Random Number Generation

Description

.Random.seed is an integer vector, containing the random number generator (RNG) state for random number generation in R.

RNGkind is a more friendly interface to query or set the kind of RNG in use.

Usage

.Random.seed <- c(rng.kind, n1, n2, ...)
save.seed <- .Random.seed

RNGkind(kind=NULL)

Arguments

kind

character or NULL. If kind is a character string, set R's RNG to the kind desired, if it's NULL, return the currently used RNG.

rng.kind

integer code in 0:k for the above kind.

n1, n2, ...

integers. See the details for how many are required (which depends on rng.kind).

Details

Currently available RNG kinds

— — to be expanded — —

((Planned additions are "Mersenne-Twister", "Knuth-TAOCP" (from TAOCP, Vol.2, 3rd ed.,1997), "Ecuyer-...", "Eichenauer-..."))

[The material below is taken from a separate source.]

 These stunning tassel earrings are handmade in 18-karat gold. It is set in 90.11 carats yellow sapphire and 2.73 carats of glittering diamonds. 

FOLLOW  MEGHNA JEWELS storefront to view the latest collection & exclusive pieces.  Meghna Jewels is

Note: If any of .Random.seed[i] (i>1) is set to 0, it will be substituted with 1 in the next call to a random number generator, such as runif.

Value

.Random.seed is an integer vector whose first element codes the kind of RNG and therefore is in 0:k where k+1 is the number of available RNGs.
In the underlying C, .Random.seed[-1] is used as unsigned long (32 bits at least); in R, whose integers are C's long, .Random.seed[i] can therefore be negative for i > 1.

RNGkind returns the RNG in use before the call, invisibly if kind is not NULL.

Note

Initially, there is no seed; a new one is created, using “Randomize”. Hence, student exercises will each have different simulation results, by default.

Author(s)

of RNGkind: Martin Maechler

References

B. A. Wichmann and I. D. Hill (1982). Algorithm AS 183: An Efficient and Portable Pseudo-random Number Generator, Applied Statistics, 31, 188-190; Remarks: 34, 198 and 35, 89.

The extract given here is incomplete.